AKS_CLUSTER_NAME="sysadminas" # Your AKS cluster name
AKS_CLUSTER_NAME_RESOURCE_GROUPNAME="sysadminas-aks" # Your AKS cluster resource group name
SUBSCRIPTION = "Visual Studio Premium with MSDN" # Subscription where resource will be deployed
LOG_ANALYTICS_RESOURCE_GROUP_NAME = "sysadminas-aks" # Resource group where Log Analytics workspaces will be deployed
LOG_ANALYTICS_WORKSPACE_NAME = "sysadminas-oms" # Name for your Log Analytics resource
LOCATION = "westeurope" # Azure region for your resources
 
# Login to azure 
az login --username admin@sysadminas.eu
 
# Select appropriate subsription
az account set --subscription $SUBSCRIPTION
 
# Create Azure log analytics workspace 
az monitor log-analytics workspace create --resource-group $LOG_ANALYTICS_RESOURCE_GROUP_NAME --workspace-name $LOG_ANALYTICS_WORKSPACE_NAME --location $LOCATION
 
# Retrieve Log Analytics workspace ID and save it as a variable
$LOG_ANALYTICS_WORKSPACE_ID = az monitor log-analytics workspace list --resource-group $LOG_ANALYTICS_RESOURCE_GROUP_NAME --query [0].id -o tsv
 
# Enable Azure Container Service for existing cluster 
az aks enable-addons --addons monitoring --name $AKS_CLUSTER_NAME --resource-group $AKS_CLUSTER_NAME_RESOURCE_GROUPNAME --workspace-resource-id $LOG_ANALYTICS_WORKSPACE_ID

If you implementing this only for testing purposes make sure to change Log Analytic plan to free in order to avoid increased bills 🙂

azure1

Run the following command and you will see that there are few additional resource created and running on you AKS cluster:

kubectl get all -n kube-system -l component=oms-agent -o wide

oms

After several minutes you should be able to observe results collected by recently installed oms agents. For this go to Azure Monitor and select Container blade in Insights section and then select your cluster

azure2

You can get a lot of useful information such compute load, controlers, pods, containers status and their configuration and a lot more, you also can view containers logs which might be very handy for troubleshooting. You also can start using Azure Monitor Alert which could trigger notification or some actions based on your provided rules. These rules can be based on different cluster metrics or logs. Here some possible views:

Containers-View

Nodes-View

Basic-Metrics

Additionally you may create your own or use some precreated interactive reports called Workbooks they combine text, analytics query’s, Azure Metrics, and parameters into rich interactive reports. This is also a good way to share info with other teams:

workbook-1

workbook-2

workbook-3

In Azure AKS master node (as well as etcd) is hidden from user and we can’t connect or use it directly (only through the API), but one thing which we could do additionally is to enable Kubernetes master node logs in Azure Kubernetes Service (AKS). For this go to your AKS cluster resource group and select Diagnostic settings blade. Then click on your cluster and select Add diagnostic setting:

diagnostics

Then select which log and where you would like to save them, I suggest to use same Log Analytics Workspace what we used for Azure Container Monitor:

diagnostics2

When you will configure this after a while you should be able to query appropriate information using Kusto query language. Simply go to the Azure Monitor, choose Logs blade and construct your query:

AzureDiagnostics | where Category == "kube-apiserver"
or Category == "kube-audit" 
or Category == "kube-scheduler"
or Category == "cluster-scheduler"
or Category == "cluster-controller-manager"
or Category == "cluster-autoscaler"

logs-out

Prometheus and Grafana

OK, seems that we covered Azure Monitor solution for AKS and now we can move to some third party tools.

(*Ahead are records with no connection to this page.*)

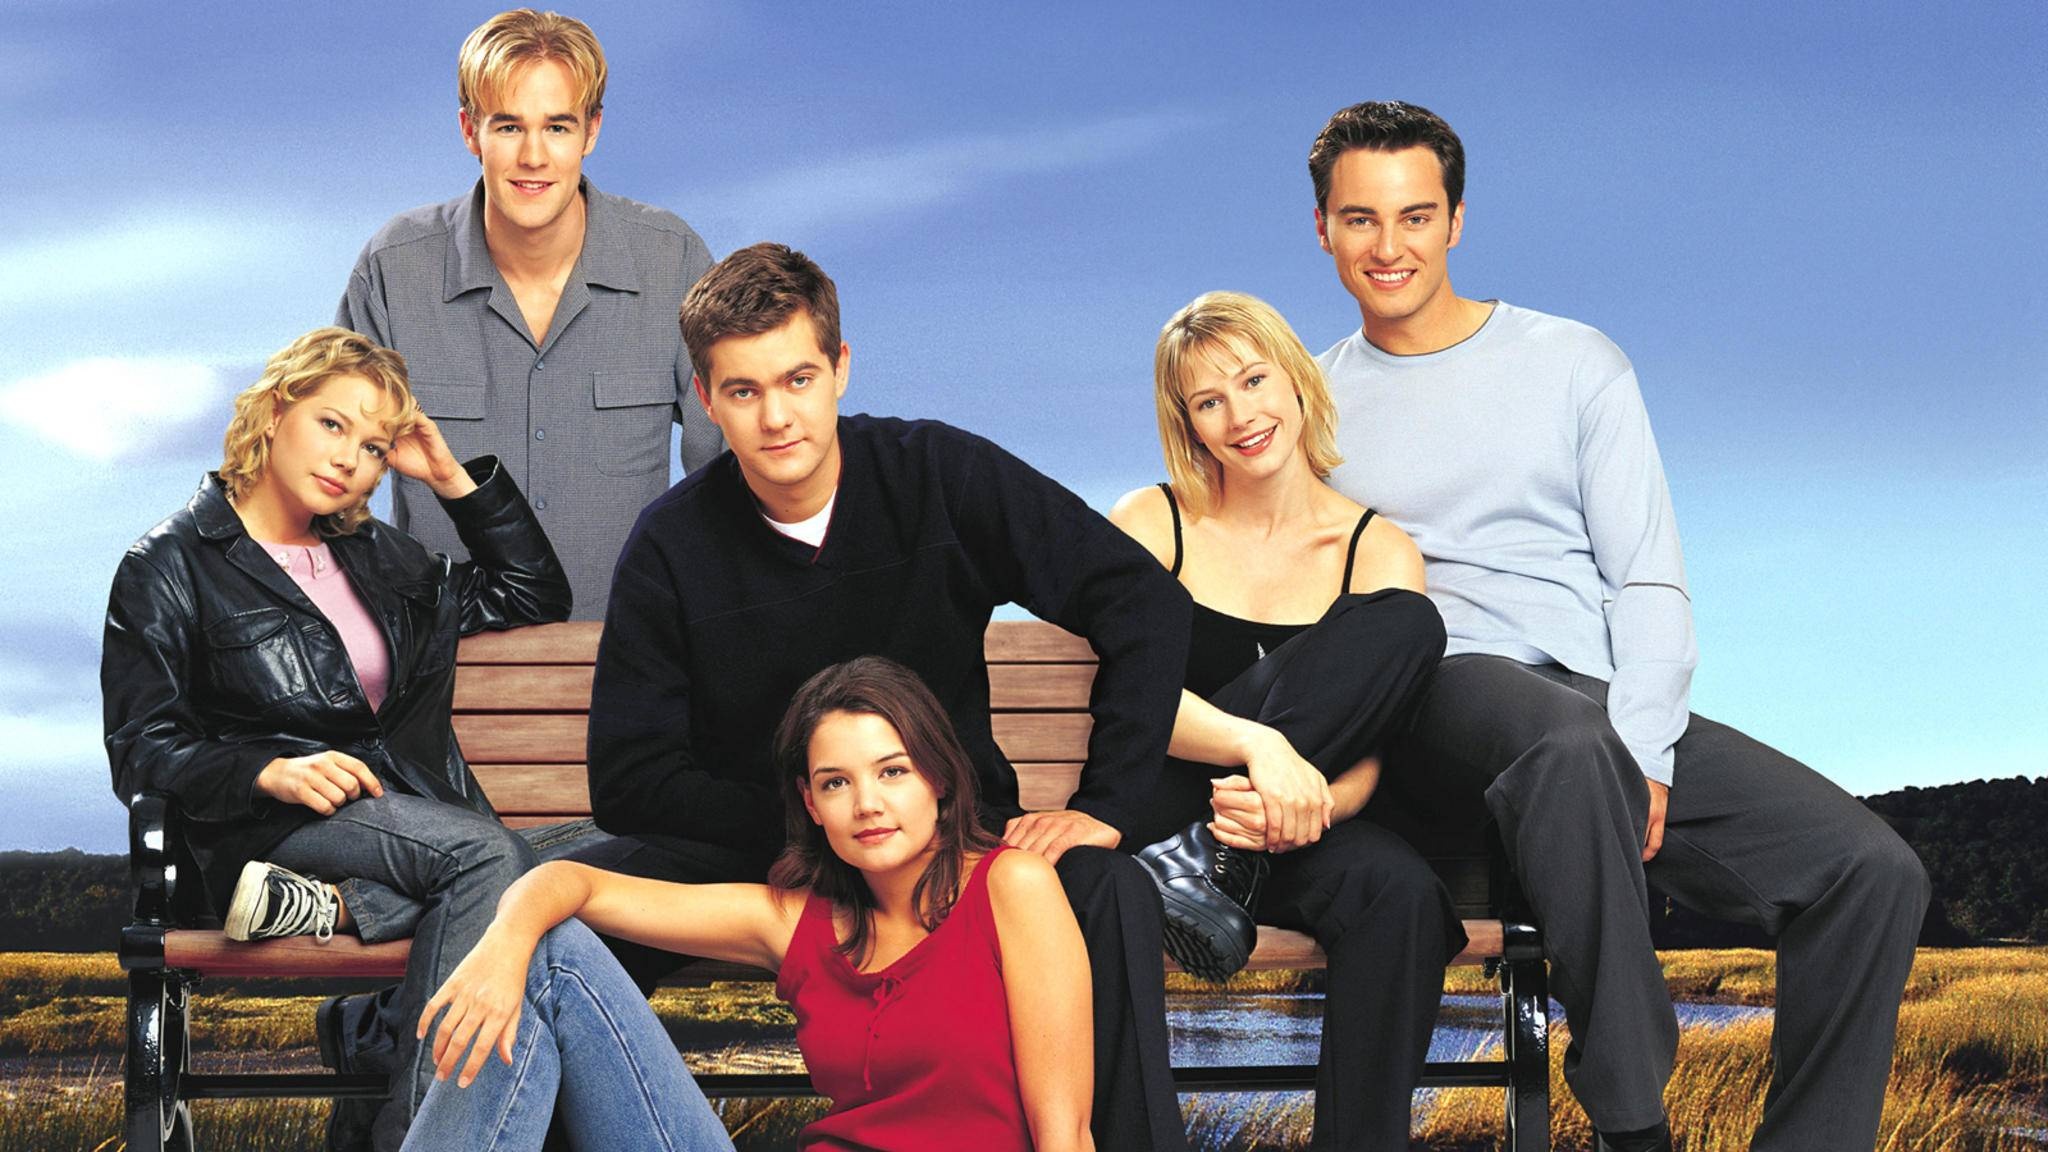 """Vor 15 Jahren lief die finale """"Dawson's Creek""""-Folge im Fernsehen. Was macht die damalige Besetzung heute?"""
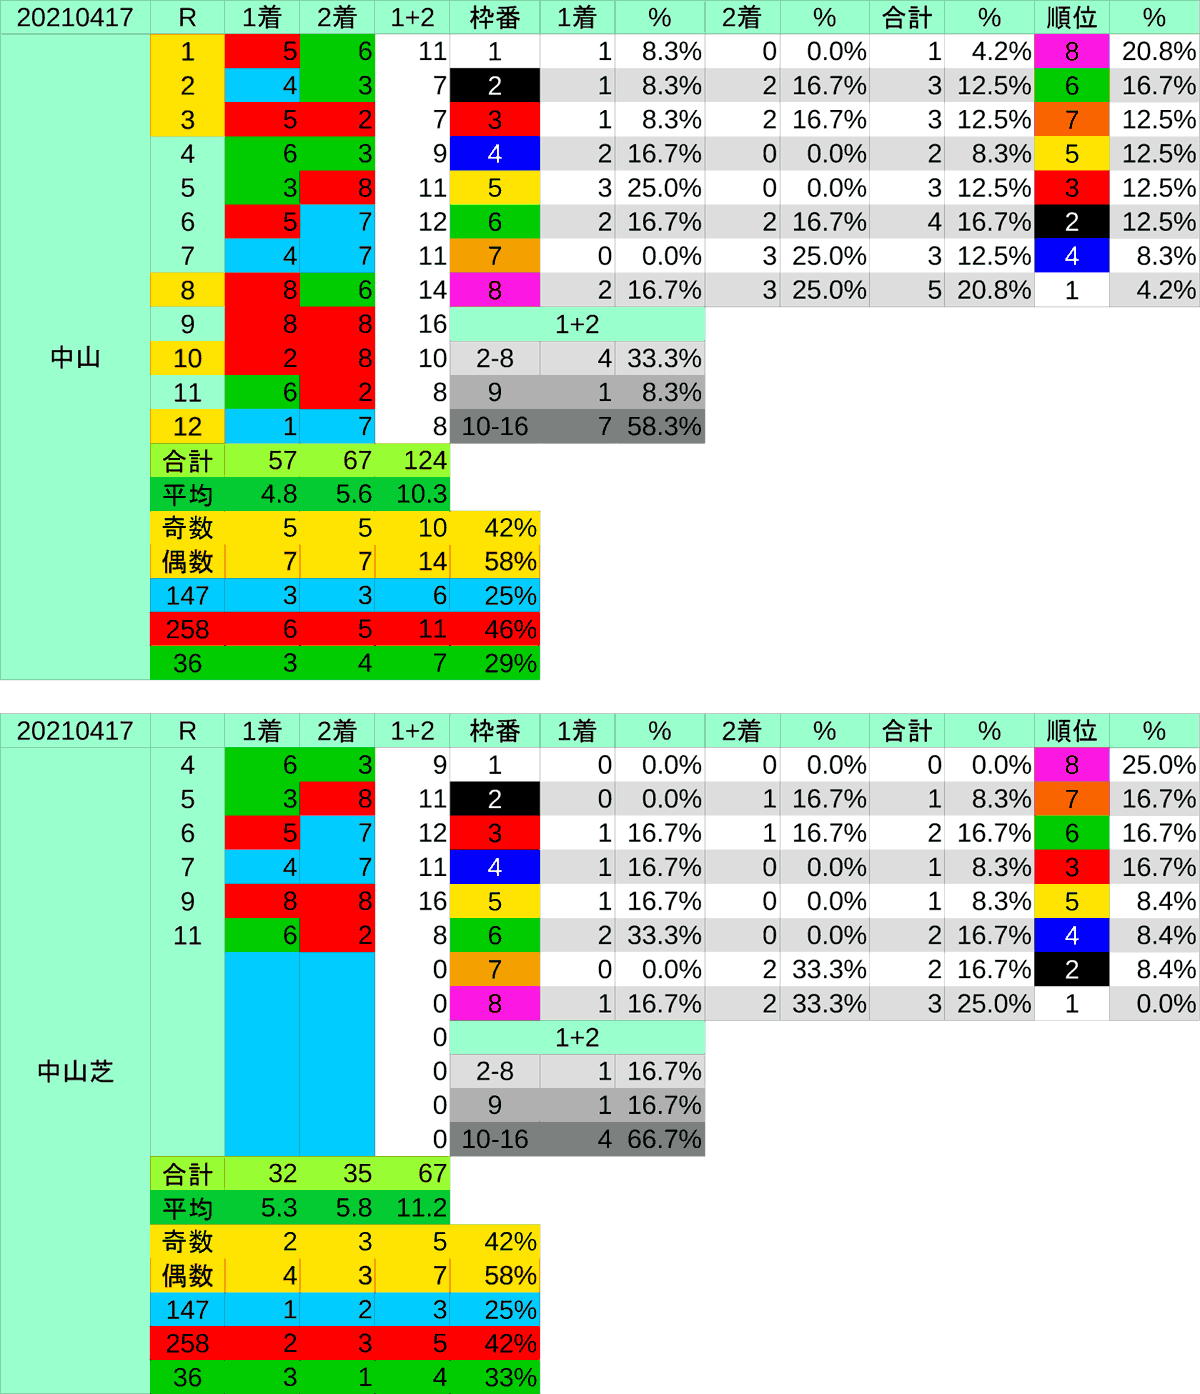 2021_枠穴_皐月賞
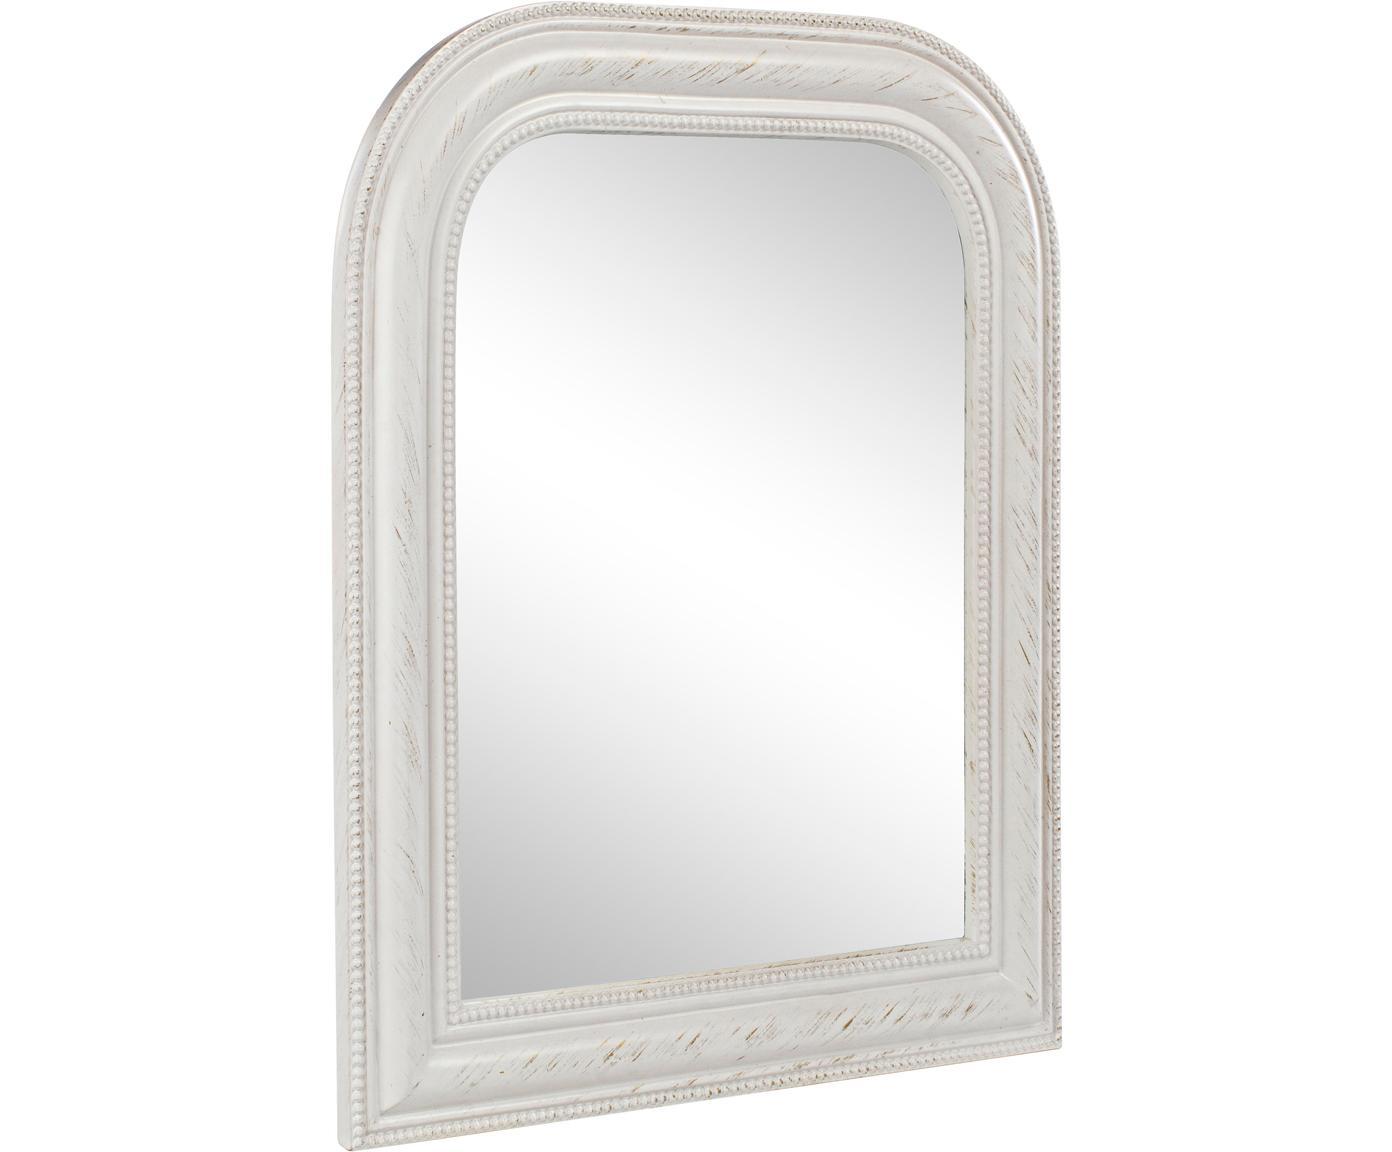 Lustro ścienne Miro, Biały, S 50 x W 60 cm

As I said earlier we will use Prometheus and Grafana as alternate monitoring solution for AKS clusters. To keep our solution implementation as simple as possible this time we will use HELM for provisioning both mentioned components. Helm is a package manager for Kubernetes and if you work with K8S you will start to use it at some point that’s for sure. I will not gonna cover all the aspects of Helm, but will show all the necessary steps you need to do in order to deploy Grafana and Prometheus. Anyway I highly recommend to become familiar with Helm if you are not https://helm.sh/docs/ is the right point to start. Please refer to the https://helm.sh/docs/intro/install/ to see how install Helm on your system.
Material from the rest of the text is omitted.